由于特征图空间中需要插值的张量参数远远多于属性本身,我们建议对特征图插值中使用的张量 α𝛼\alphaitalic_α 施加平滑限制。从等式6中可以看到,平滑损失鼓励插值张量在空间上由分段常数块组成,这在自然图像处理中被广泛用作逐像素去噪目标。

smooth(𝜷)=h=1HF1w=1WF𝜷h+1,w𝜷h,w22+h=1HFw=1WF1𝜷h,w+1𝜷h,w22subscriptsmooth𝜷superscriptsubscript1subscript𝐻𝐹1superscriptsubscript𝑤1subscript𝑊𝐹subscriptsuperscriptnormsubscript𝜷1𝑤subscript𝜷𝑤22superscriptsubscript1subscript𝐻𝐹superscriptsubscript𝑤1subscript𝑊𝐹1subscriptsuperscriptnormsubscript𝜷𝑤1subscript𝜷𝑤22\mathcal{L}_{\text{smooth}}(\boldsymbol{\beta})=\sum_{h=1}^{H_{F}-1}\sum_{w=1}^{W_{F}}\|{\boldsymbol{\beta}}_{h+1,w}-{\boldsymbol{\beta}}_{h,w}\|^{2}_{2}+\sum_{h=1}^{H_{F}}\sum_{w=1}^{W_{F}-1}\|{\boldsymbol{\beta}}_{h,w+1}-{\boldsymbol{\beta}}_{h,w}\|^{2}_{2}caligraphic_L start_POSTSUBSCRIPT smooth end_POSTSUBSCRIPT ( bold_italic_β ) = ∑ start_POSTSUBSCRIPT italic_h = 1 end_POSTSUBSCRIPT start_POSTSUPERSCRIPT italic_H start_POSTSUBSCRIPT italic_F end_POSTSUBSCRIPT - 1 end_POSTSUPERSCRIPT ∑ start_POSTSUBSCRIPT italic_w = 1 end_POSTSUBSCRIPT start_POSTSUPERSCRIPT italic_W start_POSTSUBSCRIPT italic_F end_POSTSUBSCRIPT end_POSTSUPERSCRIPT ∥ bold_italic_β start_POSTSUBSCRIPT italic_h + 1 , italic_w end_POSTSUBSCRIPT - bold_italic_β start_POSTSUBSCRIPT italic_h , italic_w end_POSTSUBSCRIPT ∥ start_POSTSUPERSCRIPT 2 end_POSTSUPERSCRIPT start_POSTSUBSCRIPT 2 end_POSTSUBSCRIPT + ∑ start_POSTSUBSCRIPT italic_h = 1 end_POSTSUBSCRIPT start_POSTSUPERSCRIPT italic_H start_POSTSUBSCRIPT italic_F end_POSTSUBSCRIPT end_POSTSUPERSCRIPT ∑ start_POSTSUBSCRIPT italic_w = 1 end_POSTSUBSCRIPT start_POSTSUPERSCRIPT italic_W start_POSTSUBSCRIPT italic_F end_POSTSUBSCRIPT - 1 end_POSTSUPERSCRIPT ∥ bold_italic_β start_POSTSUBSCRIPT italic_h , italic_w + 1 end_POSTSUBSCRIPT - bold_italic_β start_POSTSUBSCRIPT italic_h , italic_w end_POSTSUBSCRIPT ∥ start_POSTSUPERSCRIPT 2 end_POSTSUPERSCRIPT start_POSTSUBSCRIPT 2 end_POSTSUBSCRIPT (6)

4 Experiments 4实验

In the experimental section, we mainly focus on analyzing the proposed SemanticAdv in attacking state-of-the-art face recognition systems [63, 59, 80, 67] due to its wide applicability (e.g., identification for mobile payment) in the real world.
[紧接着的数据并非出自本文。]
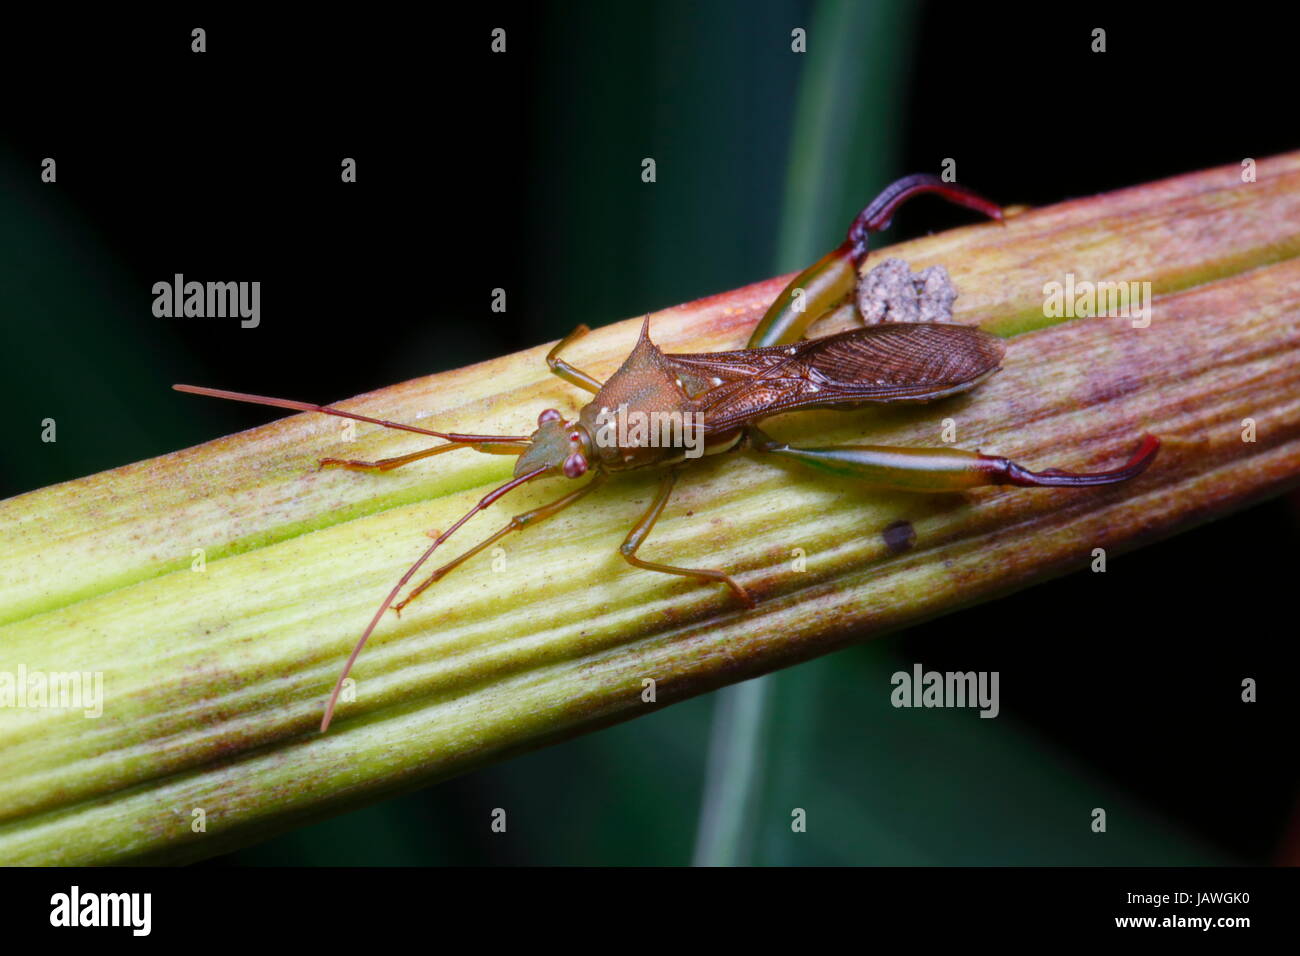 Un arc-legged bug, Hyalymenus longispinus, rampant sur une tige de la plante. Banque D'Images

We attack both face verification and face landmark detection by generating attribute-conditioned adversarial examples using annotations from CelebA dataset [40]. In addition, we extend our attack to urban street scenes with semantic label maps as the condition. We attack the semantic segmentation model DRN-D-22 [77] previously trained on Cityscape [14] by generating adversarial examples with dynamic objects manipulated (e.g., insert a car into the scene).
在实验部分,我们主要关注分析提出的SemanticAdv在攻击最先进的人脸识别系统[63, 59, 80, 67]中的应用,这是由于其在现实世界中具有广泛的适用性(例如,移动支付的识别)。我们通过使用CelebA数据集[40]的注释生成属性条件对抗样本,攻击人脸验证和人脸特征点检测。此外,我们将我们的攻击扩展到具有语义标签地图作为条件的城市街景。我们攻击先前在Cityscape[14]上训练的语义分割模型DRN-D-22[77],通过生成具有动态物体操纵的对抗样本(例如,在场景中插入一辆汽车)。

The experimental section is organized as follows. First, we analyze the quality of generated adversarial examples and qualitatively compare our method with psubscript𝑝\mathcal{L}_{p}caligraphic_L start_POSTSUBSCRIPT italic_p end_POSTSUBSCRIPT bounded pixel-wise optimization-based methods [10, 16, 73]. Second, we provide both qualitative and quantitative results by controlling single semantic attribute. In terms of attack transferability, we evaluate our proposed SemanticAdv in various settings and further demonstrate the effectiveness of our method via query-free black-box attacks against online face verification platforms. Third, we compare our method with the baseline methods against different defense methods on the face verification task. Fourth, we demonstrate that our SemanticAdv is a general framework by showing the results in other tasks including face landmark detection and street-view semantic segmentation.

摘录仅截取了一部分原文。